*1144The plaintiff Kezieann Clarke commenced this action, individually and on behalf of her infant child, against the City of New York to recover damages for personal injuries the child allegedly sustained as the result of an elevated blood lead level diagnosed after she had resided for one year in a temporary housing shelter. It is undisputed that the City neither owned nor operated the shelter. After issue was joined and discovery completed, the City moved, inter alia, for summary judgment dismissing the complaint. The City contended that because the placement of families in temporary shelters is discretionary conduct, it was immune from liability. Moreover, the City argued that even if its acts were ministerial, there was no special relationship between it and the child subjecting it to liability. The plaintiffs opposed the motion, asserting that there were triable issues of fact as to whether the City’s placement of them in the shelter, as well as the City’s biannual inspections of the premises, created a special relationship. The Supreme Court, inter alia, denied that branch of the City’s motion which was for summary judgment dismissing the complaint. We reverse the order insofar as appealed from.
The City made a prima facie showing that the administration of its mandate to provide temporary housing for homeless families is discretionary conduct for which it cannot be held liable (see Reid v City of N.Y., Human Resources Admin., 79 AD3d 839 [2010]; Rodriguez v City of New York, 20 AD3d 327 [2005]; Biro v Department of Social Servs./Human Resources Admin., 1 AD3d 302 [2003]). In opposition, the plaintiffs failed to raise a triable issue of fact. Thus, the issue of whether a special relationship existed need not be reached (see McLean v City of New York, 12 NY3d 194, 202 [2009]).

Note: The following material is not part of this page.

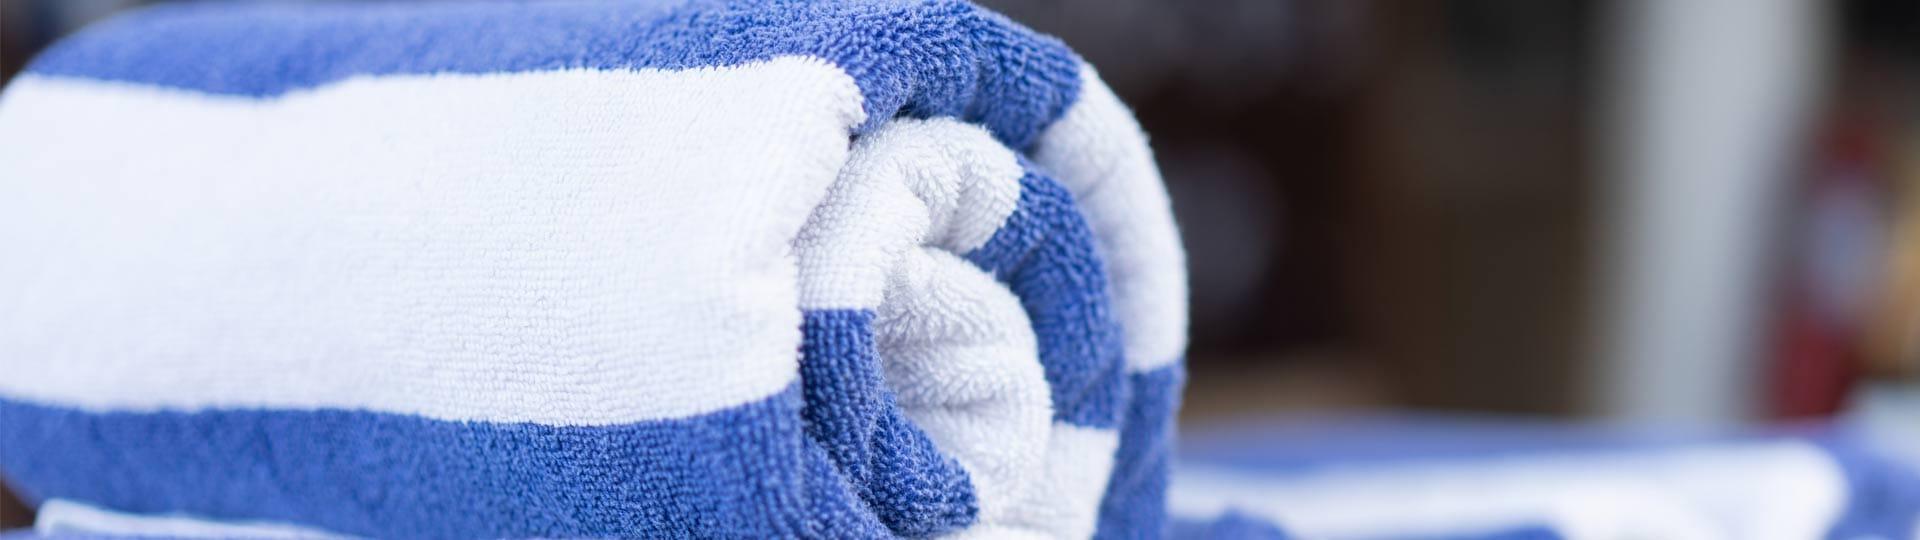 ¿Por qué es importante ducharse antes de entrar a la piscina?
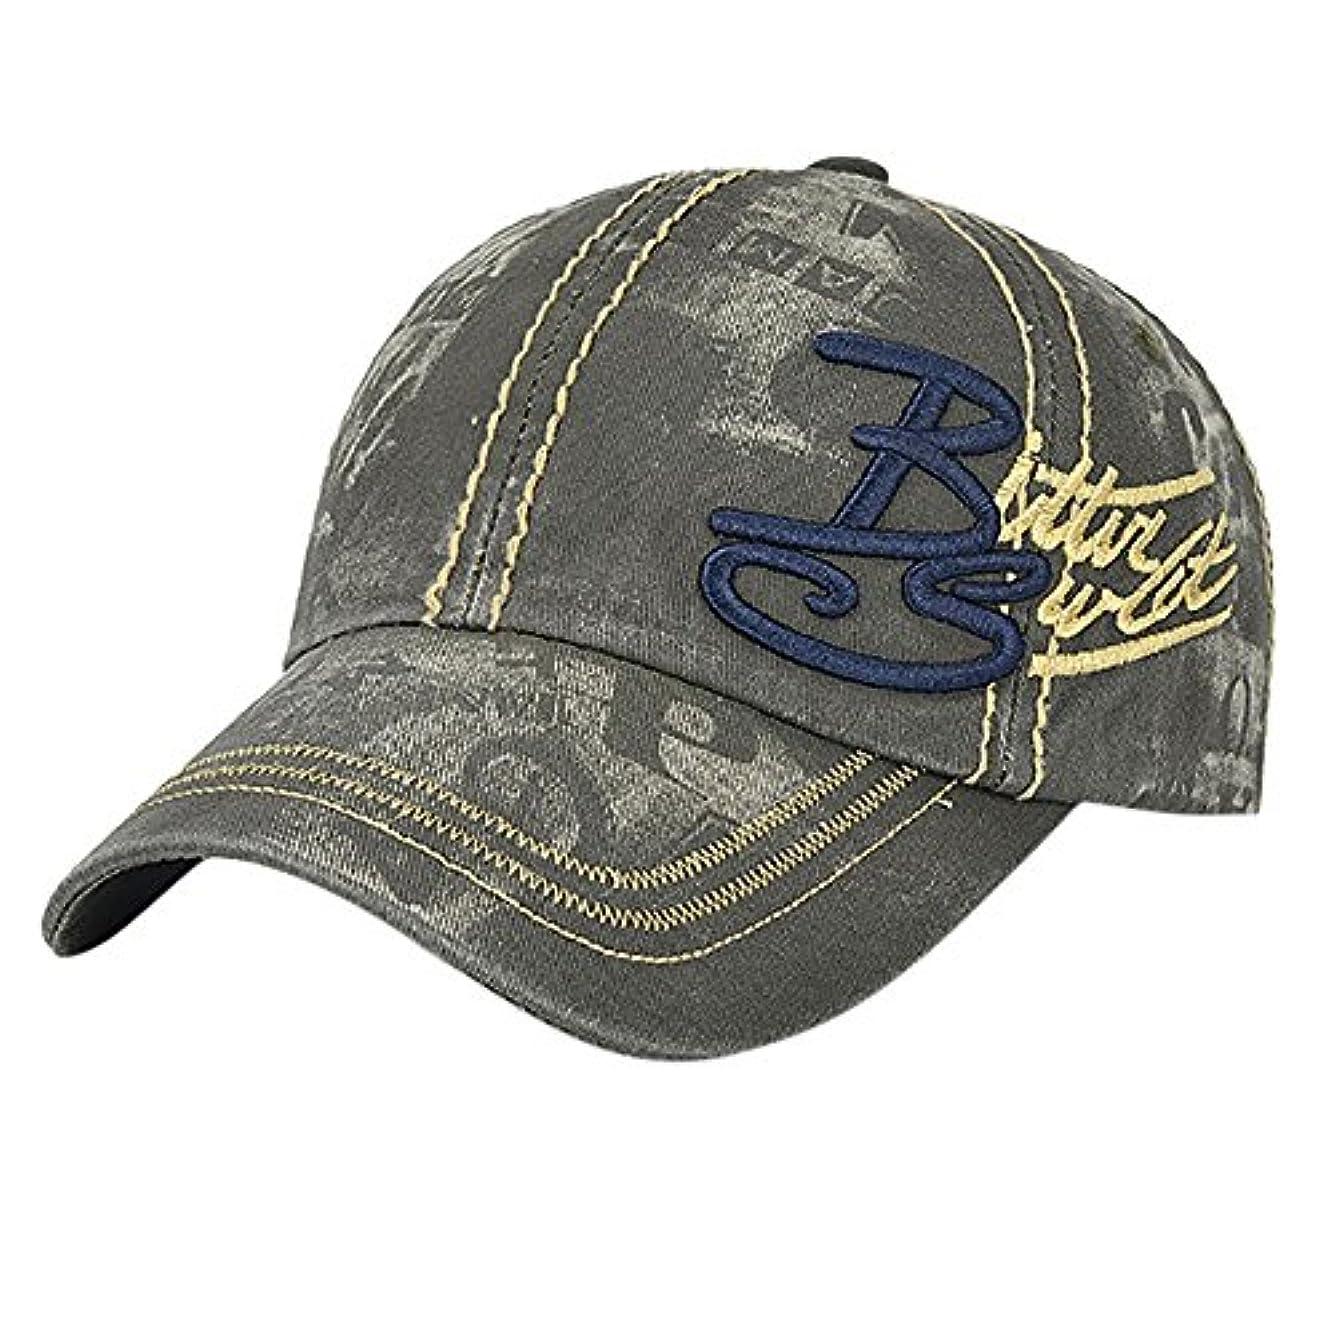 こだわりプレビスサイトゲージRacazing Cap レトロ カウボーイ 野球帽 ヒップホップ 通気性のある ヒップホップ 帽子 夏 登山 機関車 可調整可能 棒球帽 男女兼用 UV 帽子 軽量 屋外 ジーンズ Unisex Cap (アーミーグリーン)

The failure of the claims asserted on behalf of the infant plaintiff is fatal to the plaintiff mother’s derivative claims for loss of consortium and loss of services (see Kaisman v Hernandez, 61 AD3d 565 [2009]; Young v Robertshaw Controls Co., Uni-Line Div., 104 AD2d 84 [1984]).
Accordingly, the Supreme Court should have granted that branch of the City’s motion which was for summary judgment dismissing the complaint. Mastro, J.E, Skelos, Balkin and Roman, JJ., concur.